Proactive Customized Protocol for Oral Management in Head and Neck Cancer Patients Planned for Radiotherapy

Deepika Kenkere 1, Manjunath Narasappa Gudibande 2,, C Deepa 3, K S Srinath 3, K R Harshitha 3, Mallika P Reddy 3
PMCID: PMC11607274  PMID: 39618433

Abstract

Osteoradionecrosis (ORN) is a nemesis of radiotherapy which adversely affects the life of an individual. It is more often seen with conventional external beam radiotherapy using telecobalt machine. Newer radiotherapy techniques are being used in developed nations to circumvent its inherent disadvantages. A higher incidence of ORN is seen in dentate jaws because of extractions done for odontogenic infections in the post radiation period. Systematic evaluation of oral tissues and instituting appropriate therapeutic and prophylactic measures before, during and after completion of radiotherapy is mandatory. In our hospital since we use telecobalt radiotherapy it was deemed necessary to design our own protocol to reduce the incidence of this debilitating complication. Our protocol is based on recommended guidelines and which has been customized to our patient strata. We present the findings of a retrospective study on patients undergoing radiotherapy in whom this oral management protocol was used. This protocol has been effective in reducing the frequency of osteoradionecrosis at our tertiary care hospital.

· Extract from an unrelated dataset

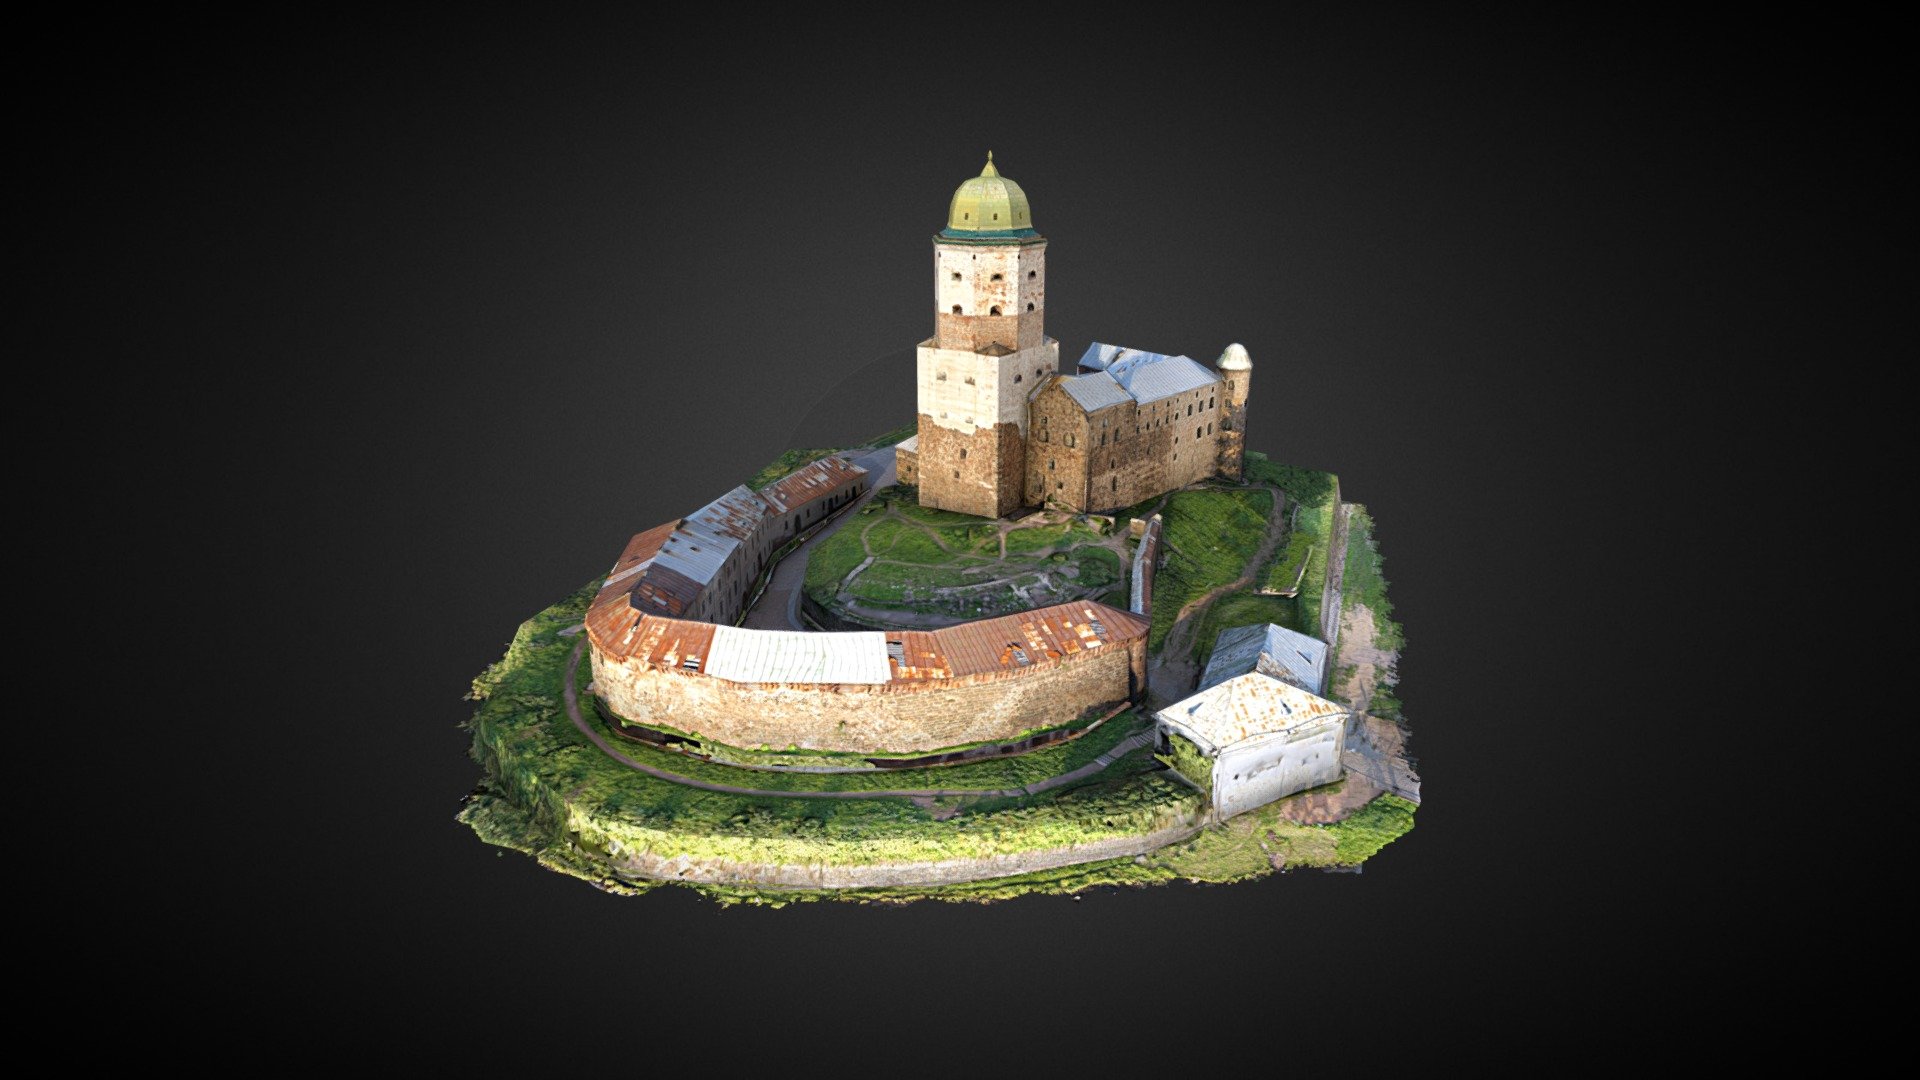 Created from 3D scan.
3D scan by Andrey Butorin - Vyborg Castle - 3D model by Crowcage 3d model

Keywords: Osteoradionecrosis, Oral, Management, Protocol, Radiotherapy

Introduction

Head and neck malignancies constitute about 30% of all malignancies in India. Most of these patients present in advanced T3 and T4 stages requiring multimodality treatment. It is the responsibility of the healthcare team to provide these patients a reasonable quality of life with minimal complications. Osteoradionecrosis (ORN) is a delayed complication of radiotherapy (RT) which adversely affects the quality of life by producing significant morbidity in afflicted patients [1].

ORN is a well-documented complication of the conventional technique of external beam radiotherapy using Cobalt 60 (telecobalt radiotherapy), especially with doses exceeding 60 Gy [2]. Newer radiotherapy techniques are being used in developed nations which circumvent the disadvantages of external beam radiotherapy, but developing nations are still in the process of phasing out these machines.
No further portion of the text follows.